Mas, na era de "megassellers" como "Harry Potter" (Rocco) e "O Caçador de Pipas" (Nova Fronteira), a Record não emplacou nenhum dos maiores. "O Código da Vinci" chegou a cair nas mãos da diretora, que não teve autorização para continuar na disputa. "Paramos em US$ 10 mil [na oferta pelos direitos]. A Sextante levou por US$ 12 mil", lamenta.
O período na Record marcou uma transição ideológica de Luciana, que as fotos ajudam a ilustrar. Numa imagem de 1981, ela aparece sorridente ao lado de Fidel Castro. "Emir Sader me seduziu com uma viagem a Cuba", acha graça, referindo-se ao ex-marido, cientista político e pai de seus dois filhos, Maria Isabel, 22, e Miguel, 20.
O que mudou tudo foi o governo Lula, em quem votou em 2002. "A ferocidade com que o partido se aferrou ao poder me chocou. Não era o que pregávamos."
A guinada de Luciana coincidiu com a da editora.
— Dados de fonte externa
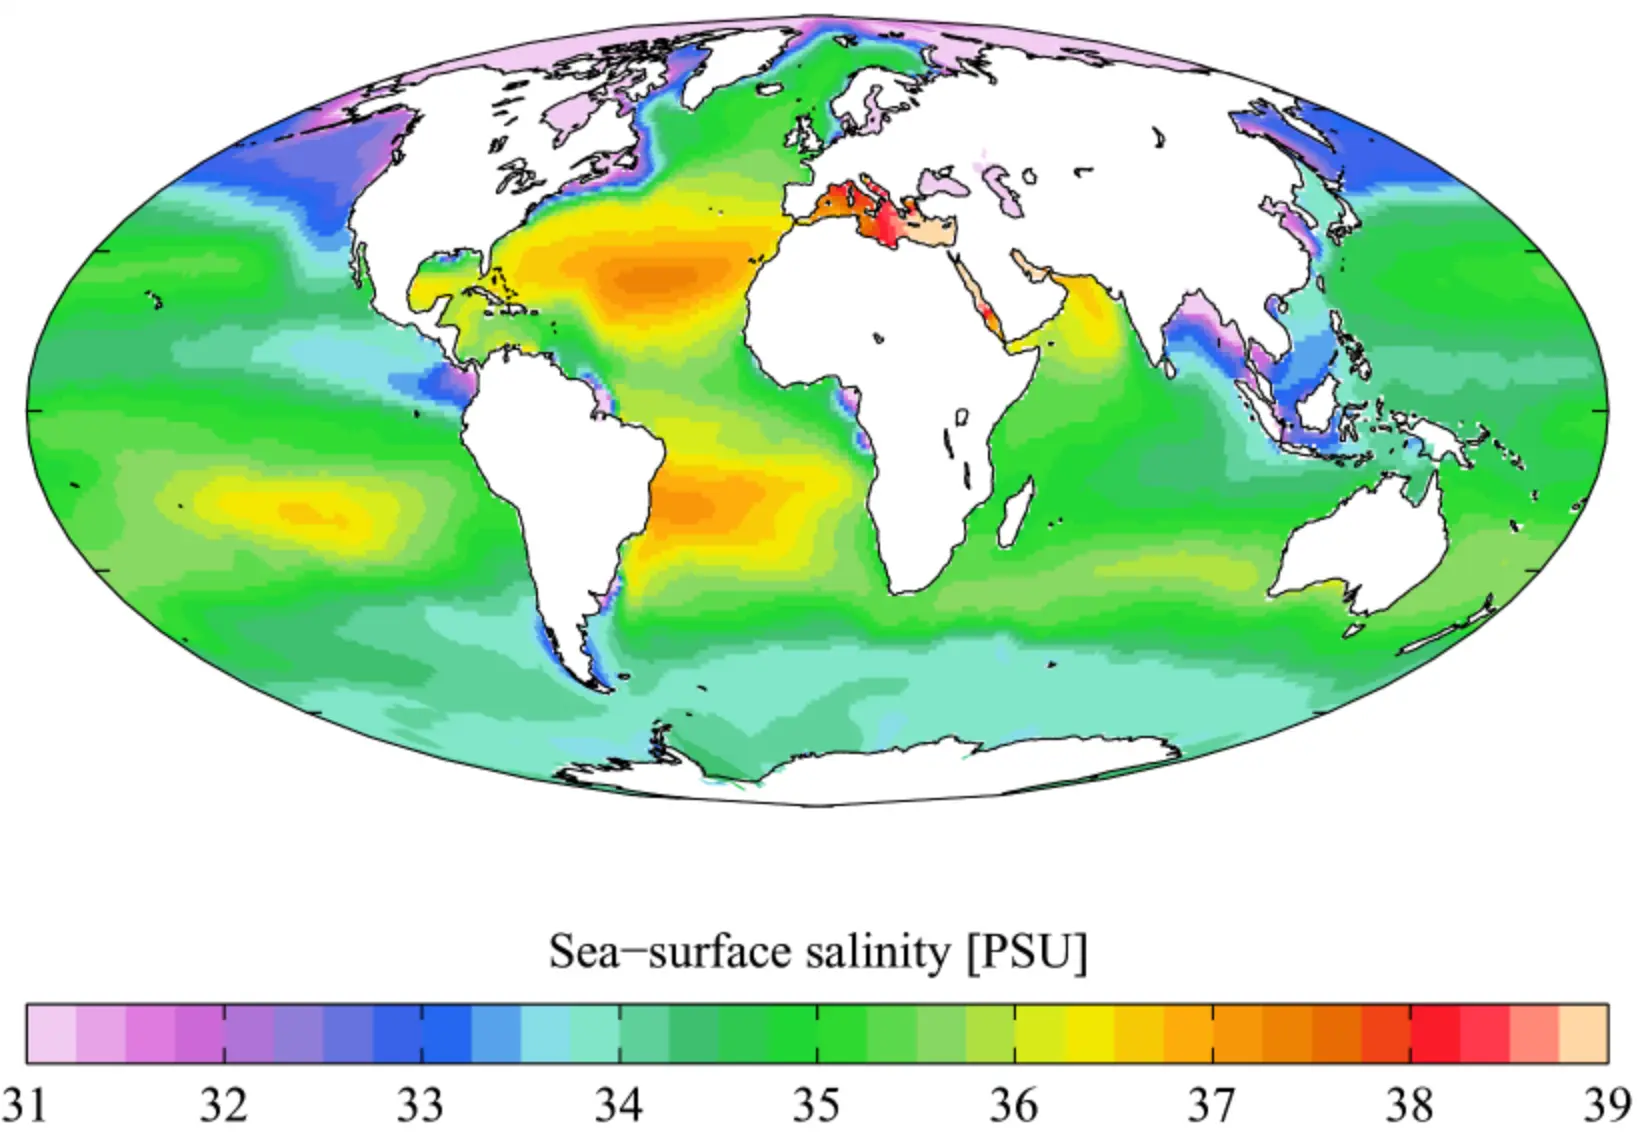 Peta di atas menggambarkan persebaran salinitas air laut di seluruh dunia. Dari peta tersebut diketahui Indonesia memiliki kadar garam yang tergolong rendah. Sekiranya faktor apa yang mempengaruhi rendahnya salinitas lautan di Indonesia?

A casa, que já publicou a bíblia esquerdista "New Left Review", passou a ter entre seus autores opositores ao governo Lula, como Fernando Henrique Cardoso e os jornalistas Reinaldo Azevedo, Merval Pereira e o ex-redator-chefe da "Veja" Mario Sabino --que era namorado de Luciana.
NACIONAIS
"Ela deve ter sido quem mais editou autores brasileiros nos últimos anos", diz o curitibano Cristovão Tezza, que, em 2006, fechou contrato com a Record para a reedição de sua obra e o lançamento de "O Filho Eterno", livro que lhe renderia todos os grandes prêmios de 2008.
O grande sucesso foi Lya Luft, maior best-seller entre os autores nacionais vivos da Record. Luciana é defensora de narrativas "ao mesmo tempo sofisticadas e acessíveis", qualidade que vê em seus agenciados Edney Silvestre e Francisco Azevedo, cujas obras já vendeu a vários países. "Em geral, os estrangeiros acham a literatura feita aqui cabeça demais", diz.
A nova agência já representa nove autores brasileiros, a maior parte publicada pela Record, como Alberto Mussa e Miguel Sanches Neto.
O primeiro contrato de livro novo, no entanto, será com outra editora, que ela ainda não revela. Será uma reunião dos textos "A História de Mora", que o colunista do "Globo" Jorge Bastos Moreno vem publicando aos domingos, contando a história recente do país na voz fictícia de Mora Guimarães, mulher de Ulysses.
Outra aposta, ainda sem editora, é um livro de memórias fac-similar da pianista Jocy de Oliveira. E há conversas com agentes e editoras estrangeiros.
Se é "workaholic"? Luciana volta os olhos para o lado, apoia o queixo nas mãos, pensa um pouco.
"Acho que sou. Raymond certamente acha." Lembra que, semanas atrás, depois do jantar, ambos tomando suas taças de vinho, cada um parou na frente de seu laptop. "Somos um casal diferente, não? Trabalhando num sábado à noite", ela comentou.
"E ele me falou: 'Luciana, minha ideia de vida boa com você decerto não inclui trabalhar num sábado à noite'. Disse que o grande desafio será me fazer trabalhar menos."
A se julgar o entusiasmo com o qual ela fala da agência, o desafio será maior do que Moss imagina.